По своей природе я был не лучше многих других священников. Я верил, как и они, в нечестивые басни о чистилище; и точно так же, как они (признаюсь к моему стыду), если я отказывался брать или возвращал деньги бедных, я принимал деньги, которые богатые давали мне за мессы, служимые ради угашения пламени этого вымышленного места. Но память о словах и слезах моей матери удерживала меня от того, чтобы быть столь же жестоким и немилосердным к бедным вдовам, какими римские священники по большей части вынуждены быть.

Когда мое сердце, испорченное ложными и нечестивыми учениями Рима, испытывало искушение взять деньги у вдов и сирот под предлогом моих долгих молитв, я слышал голос матери из глубины ее могилы: «Мое дорогое дитя, не будь жестоким к бедным вдовам и сиротам, каковá нынешняя братия священников». Если в дни моего священства в Квебеке, Бопоре и Камураске я отдал почти все, что имел, на прокормление и одежду бедных, особенно вдов и сирот, то вовсе не потому, что был лучше других, а потому, что моя мать обратилась ко мне с незабвенными словами. Я верю, что Господь вложил в уста моей матери эти простые, но столь исполненные красноречия и красоты слова как одно из величайших Своих милосердий ко мне. Рука Рима никогда не была способна смыть те слезы; мамины слова софизмы папизма не смогли заставить меня забыть.

Доколе же, о Господи, этому дерзкому врагу Евангелия, Церкви Римской, будет дозволено наживаться на слезах вдовы и сироты посредством того жестокого и нечестивого изобретения язычества — чистилища? Разве Ты не умилосердишься над столькими народами, которые до сих пор остаются жертвами этого великого обмана? О, удали же завесу, закрывающую глаза священников и народа Рима, как Ты удалил ее с моих! Сделай так, чтобы они уразумели: надежды на очищение должны покоиться не на этих сказочных огнях, а исключительно на крови Агнца, пролитой на Голгофе ради спасения мира.

Глава VI.

FESTIVITIES IN A PARSONAGE.

Бог услышал молитву бедной вдовы. Через несколько дней после того, как священник забрал нашу корову, она получила по письму от каждой из двух своих сестер — Женевьевы и Екатерины.

Первая, вышедшая замуж за Этьена Эшенбаха из Сент-Томаса, советовала ей продать все, что у нее есть, и приехать вместе с детьми жить к ней.

«У нас нет семьи, — говорила она, — и Бог в изобилии даровал нам блага этой жизни.
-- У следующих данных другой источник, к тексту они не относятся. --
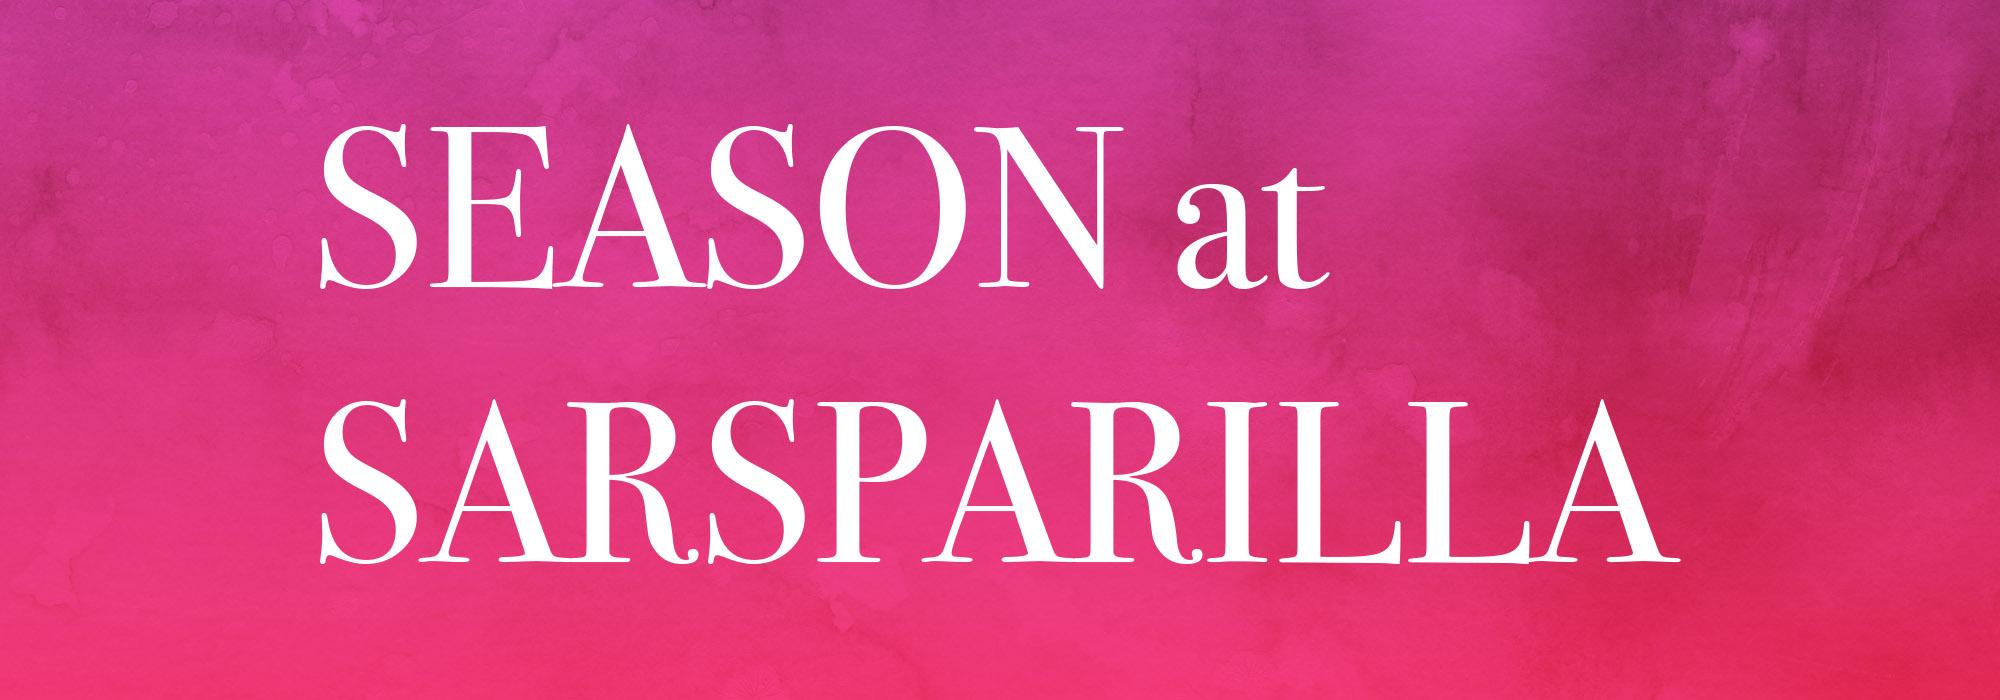 Season at Sarparilla

Мы будем рады разделить их с вами и вашими детьми».

Вторая, вышедшая замуж в Камураске за достопочтенного Амабля Дионна, писала: «Мы узнали печальную новость о смерти вашего мужа. Недавно мы потеряли нашего единственного сына. Мы хотим заполнить пустующее место Шарлем, вашим старшим. Отправьте его к нам. Мы воспитаем его как собственного ребенка, и вскоре он станет вашей опорой. А пока продайте с аукциона все, что у вас есть, и поезжайте в Сент-Томас с двумя младшими детьми. Там мы с Женевьевой обеспечим ваши нужды».

Через несколько дней вся наша мебель была продана. К несчастью, хотя я тщательно прятал свою заветную Библию, она исчезла. Я так и не смог узнать, что с ней стало. Неужели сама мать, испуганная угрозами священника, отреклась от этого сокровища? Или кто-то из наших родственников, считая это своим долгом, уничтожил ее? Я не знаю. Я глубоко переживал эту потерю, бывшую тогда для меня невосполнимой.

На следующий день среди горьких слез и рыданий я попрощался с бедной матерью и младшими братьями. Они отправились в Сент-Томас на шхуне, а я переправился на шлюпке в Камураску.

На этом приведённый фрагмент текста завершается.